● **TASK INSTRUCTIONS**:
Copy out exactly the stretch below, from the line with "Gipps Seascape, Op." through the line with "OpenSource 为Kubernetes提供云服务支持", both included; the pictures stay out.

[[ INPUT MATERIAL, beginning ]]

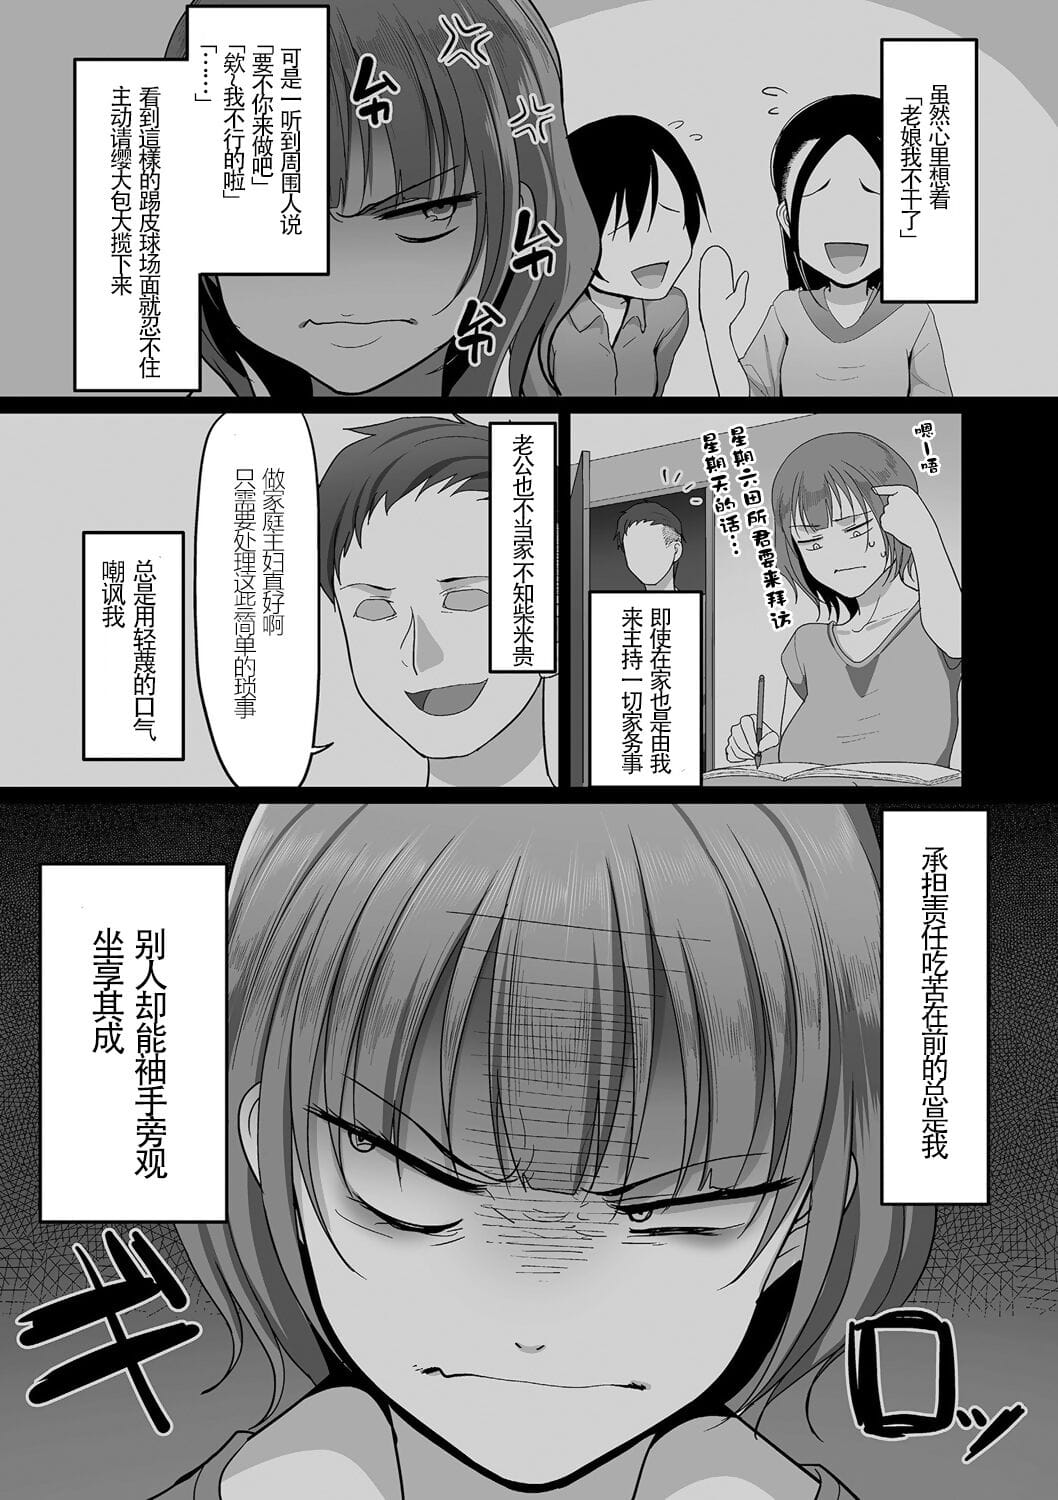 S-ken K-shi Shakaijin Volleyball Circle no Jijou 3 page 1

[[ INPUT MATERIAL, end ]]
[[ INPUT MATERIAL, beginning ]]

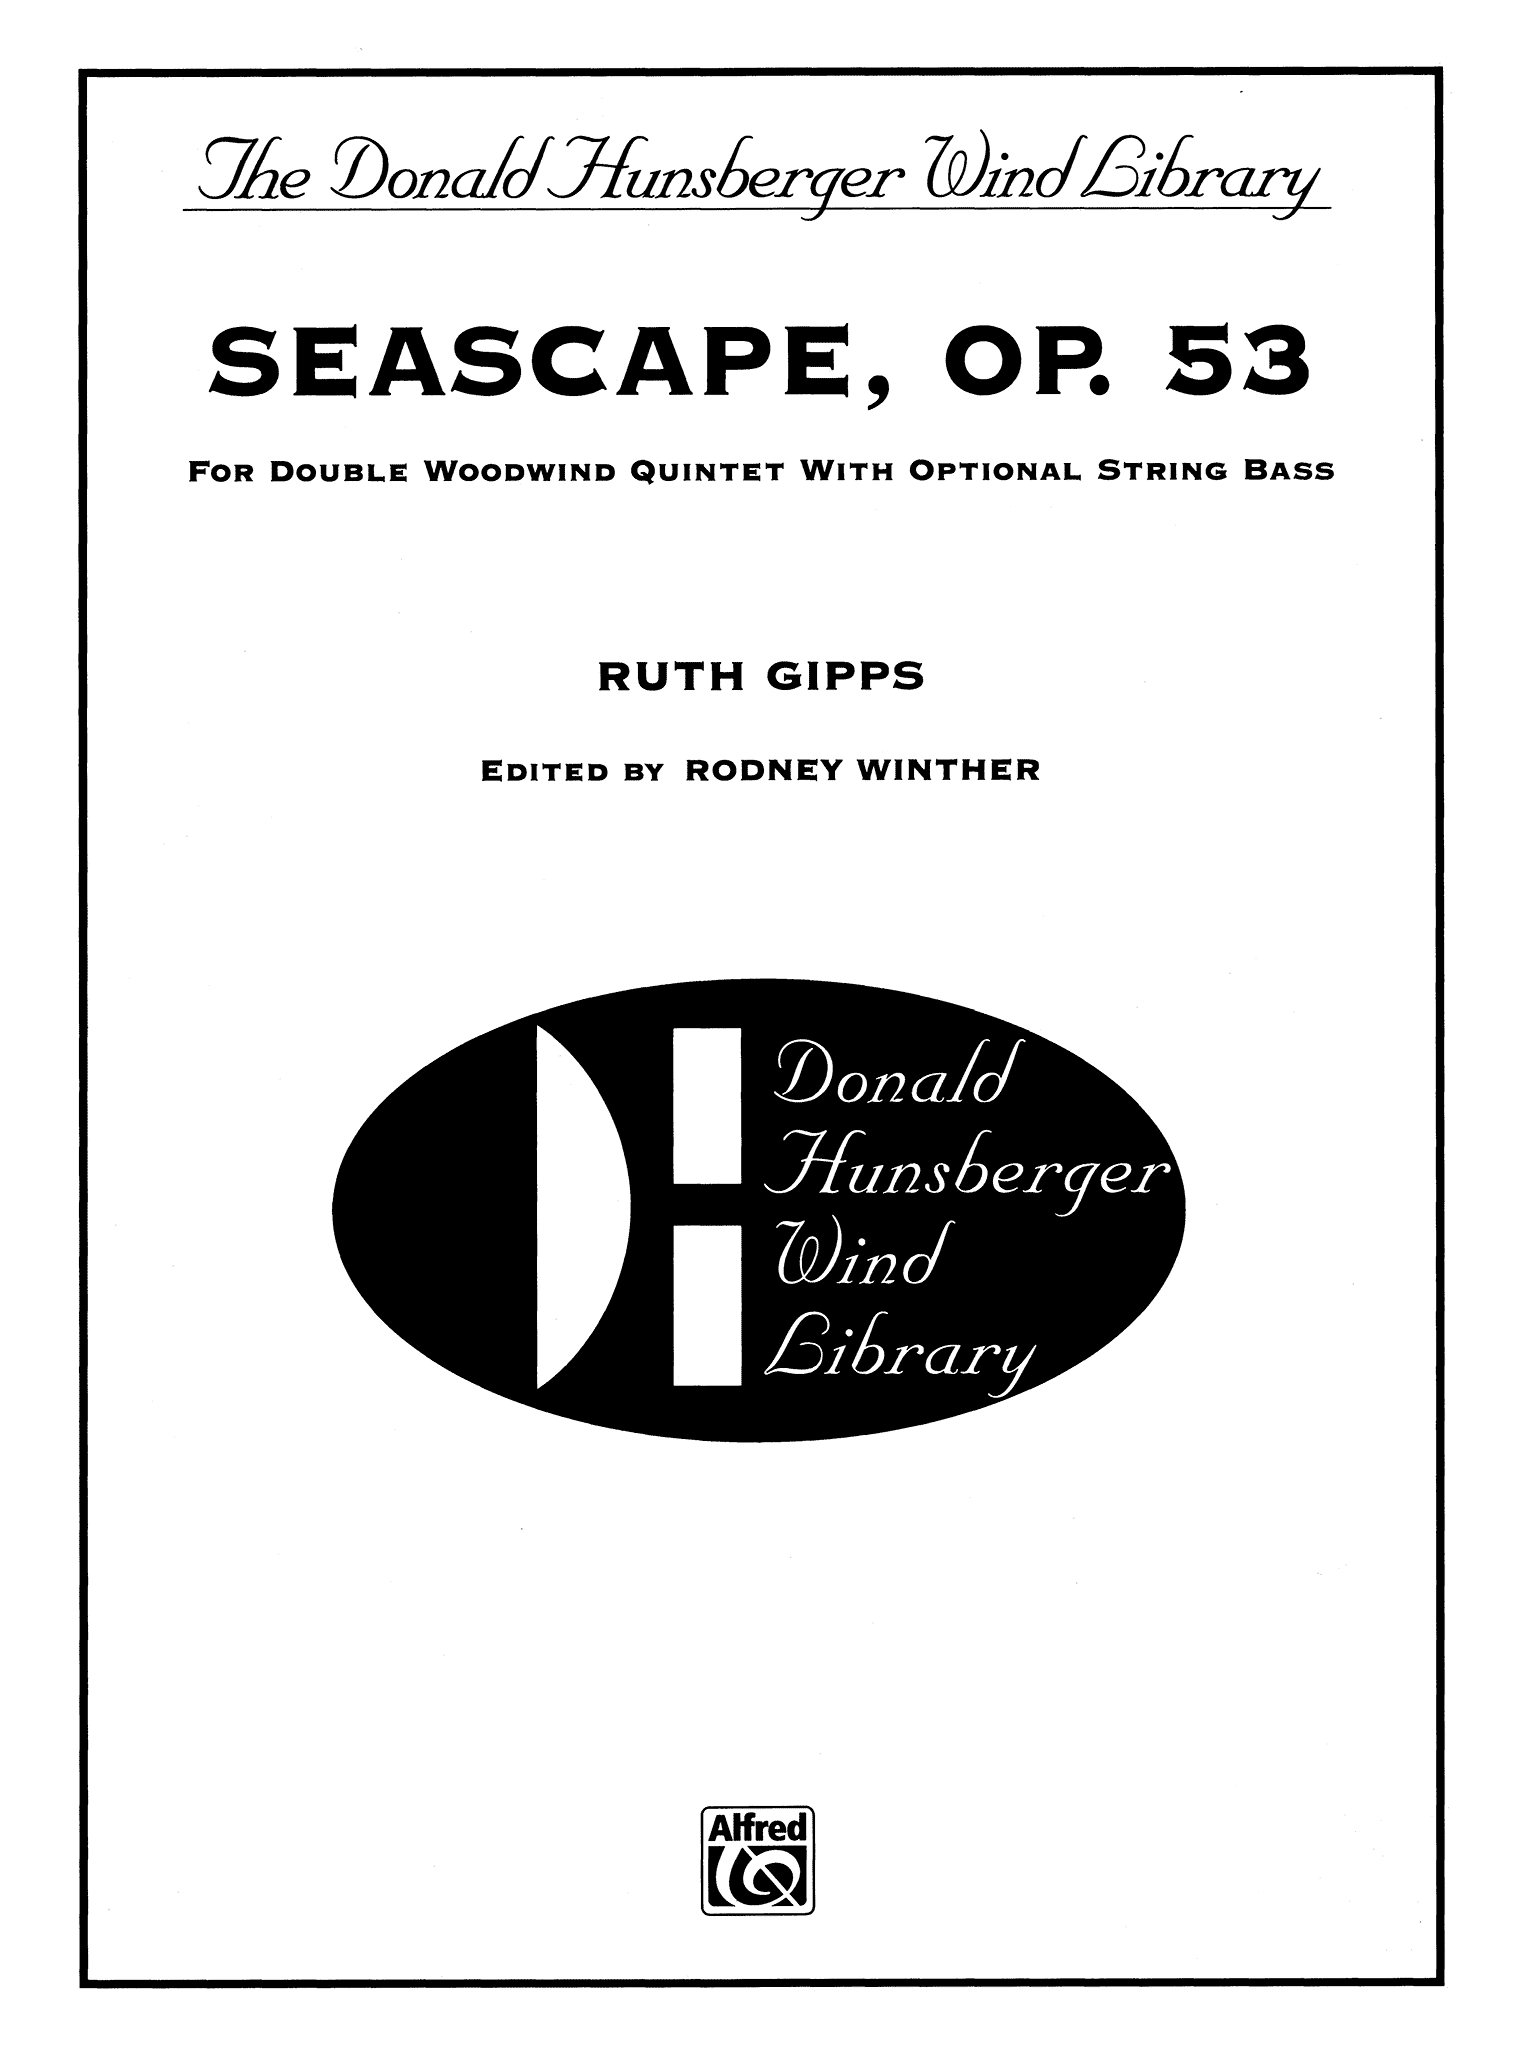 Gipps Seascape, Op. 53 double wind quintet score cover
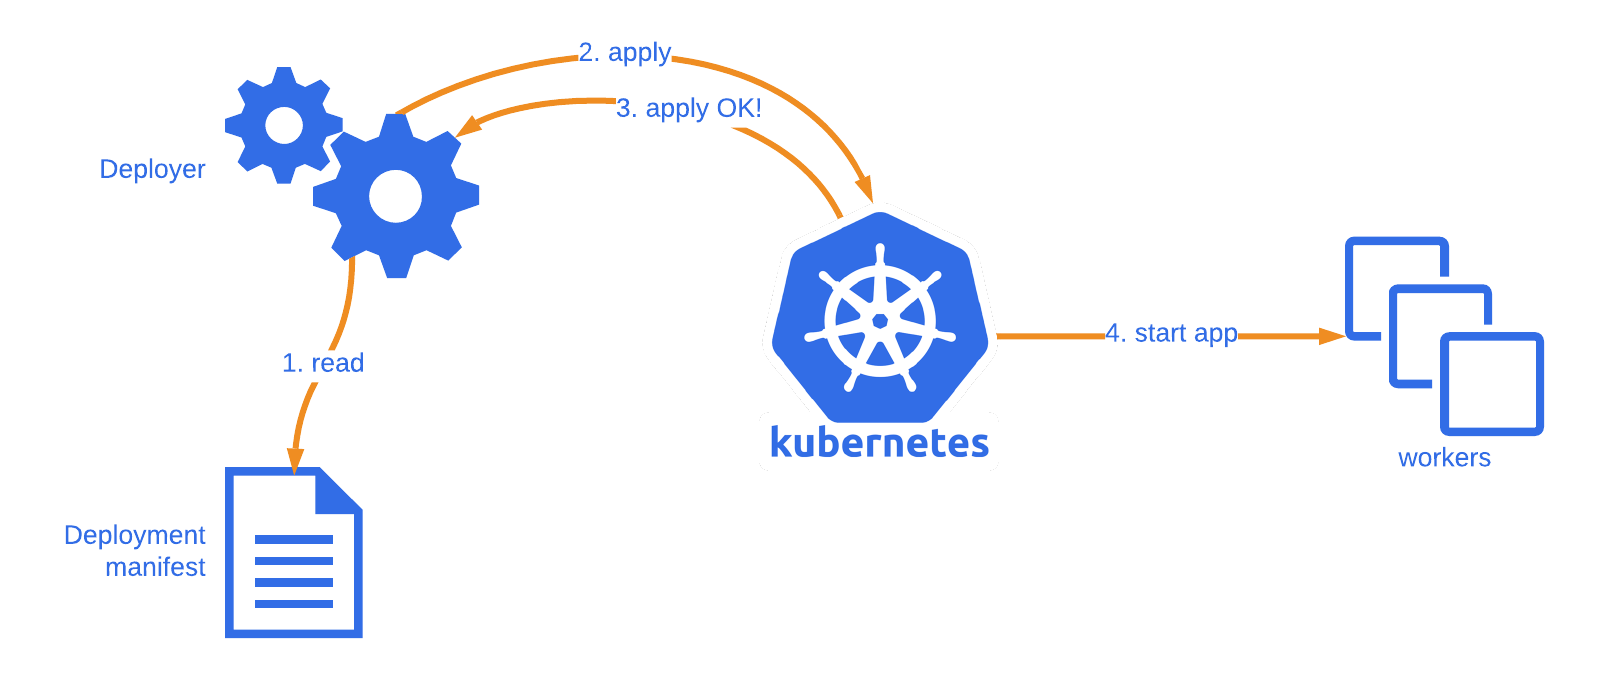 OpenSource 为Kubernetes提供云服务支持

[[ INPUT MATERIAL, end ]]

● **EXERCISE RESPONSE**:
 Gipps Seascape, Op. 53 double wind quintet score cover
 OpenSource 为Kubernetes提供云服务支持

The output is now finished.